Re: charset parameter (long)

Larry Masinter (masinter@parc.xerox.com)
Fri, 13 Jan 95 15:13:16 EST

There was a lot of confusion about the restriction that the current
draft describes level 0,1,2 and only is compatible with
charset=ISO-8859-1 and charset=US-ASCII. I thought, though, that we
were agreed that level 2 would describe roughly "current practice"
that was common throughout the web, and that it would require level
2.1 or some such to allow other charset parameters.

#>Also, do we really want to get into the business of multi-charsets w/in 1
#>document??

# Emphatically yes!

Emphatically no! That is, you may well want to support multiple
scripts within the same encoding (English, Russian, Greek, Japanese)
but you can do that using a single charset which supports multiple
encodings.

Trying to handle character-encoding at the SGML level is a mistake,
because the SGML tags themselves are represented in the overall charset.
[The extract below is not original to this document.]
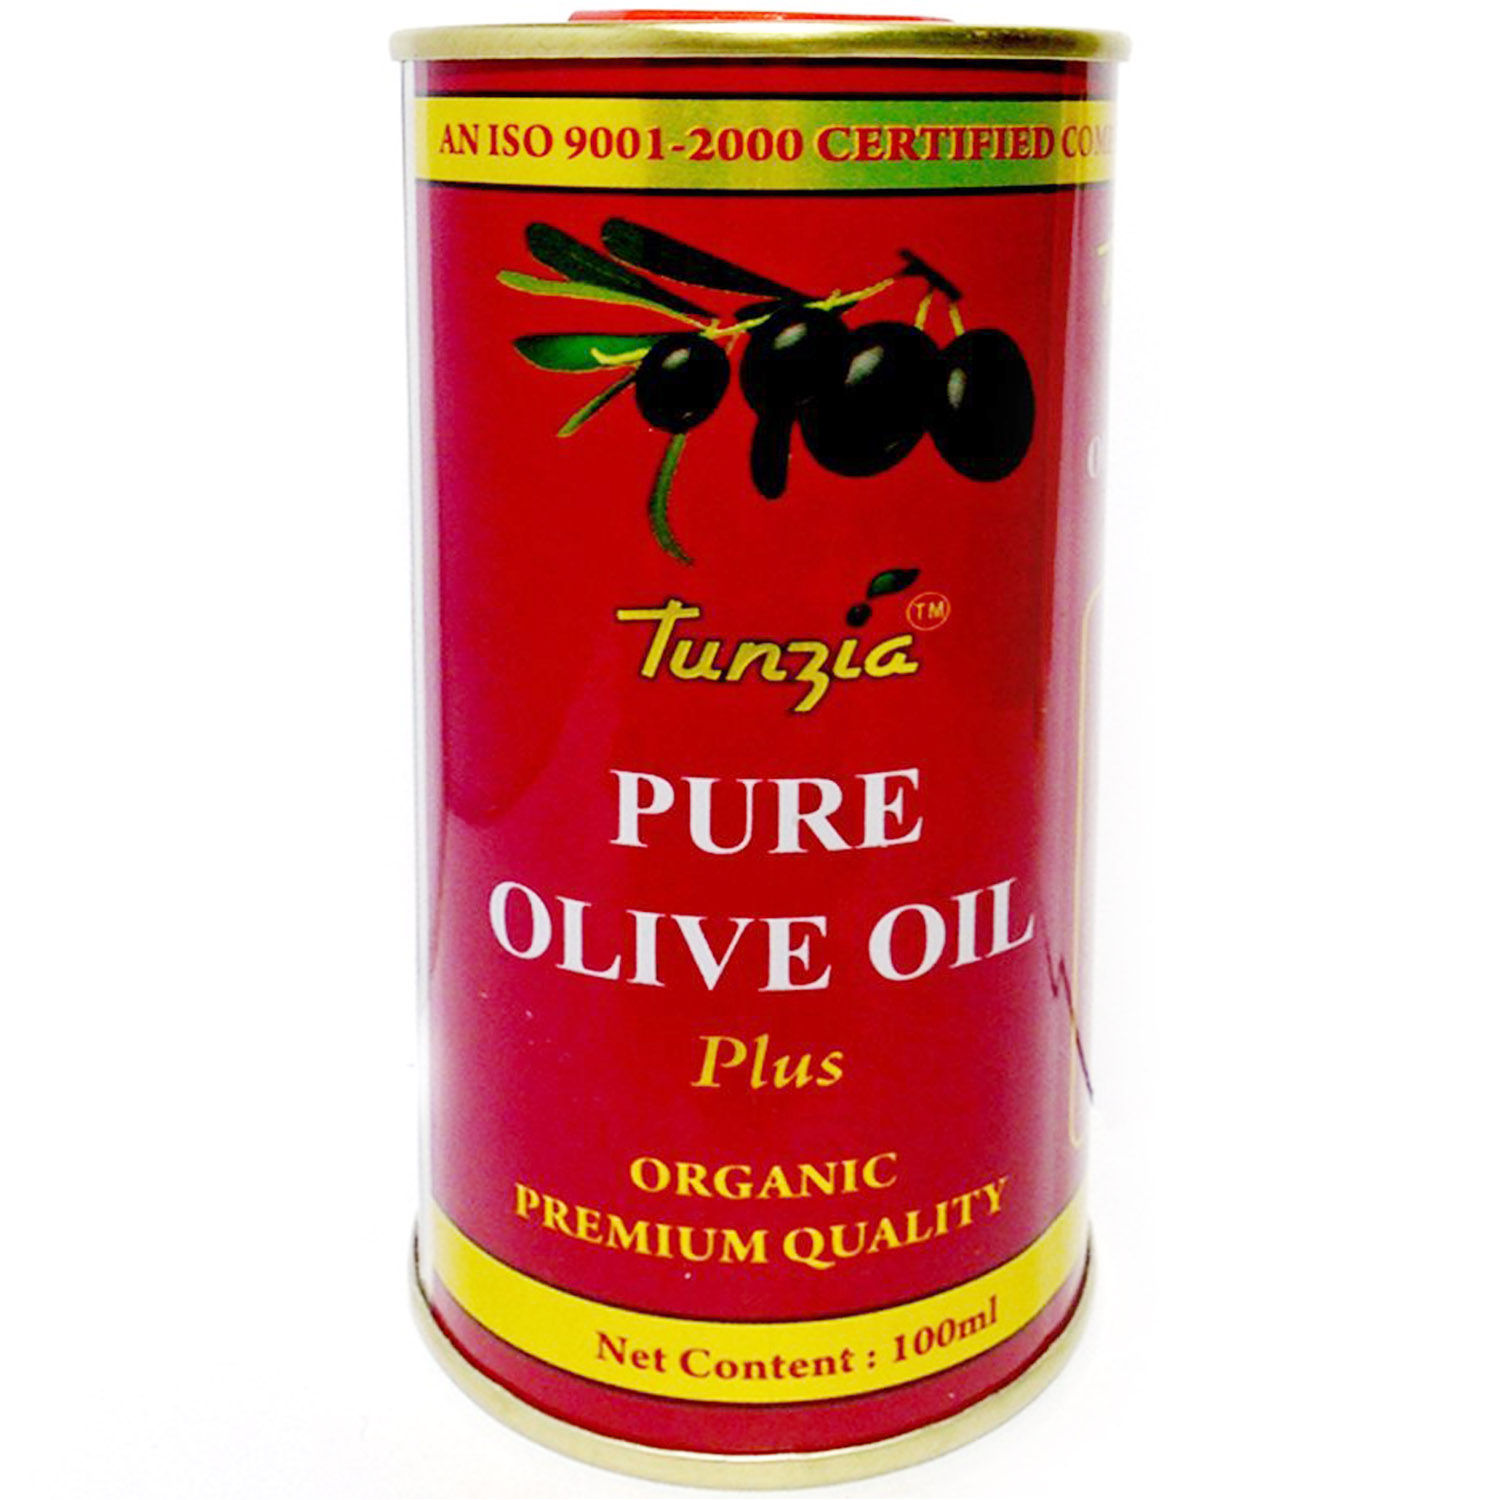 Buy Tunzia Pure Olive Oil, 100 ml Online

Now, you might be able to use multiple encodings within the same
*document* by using some kind of inclusion mechanism, and having the
included data stream be encoded in a different character encoding than
the top-level one, but you want the encoding to be at the level of
granularity of charset negotiation.

For the discussion on character sets, think of documents being
represented at three levels:

entity: A stream of entities,
represented in SGML by
character: a stream of characters,
represented by a character encoding (charset) by
byte: a stream of bytes.

Don't try to say things about changes in the byte->character level by
declarations in the character->entity stream.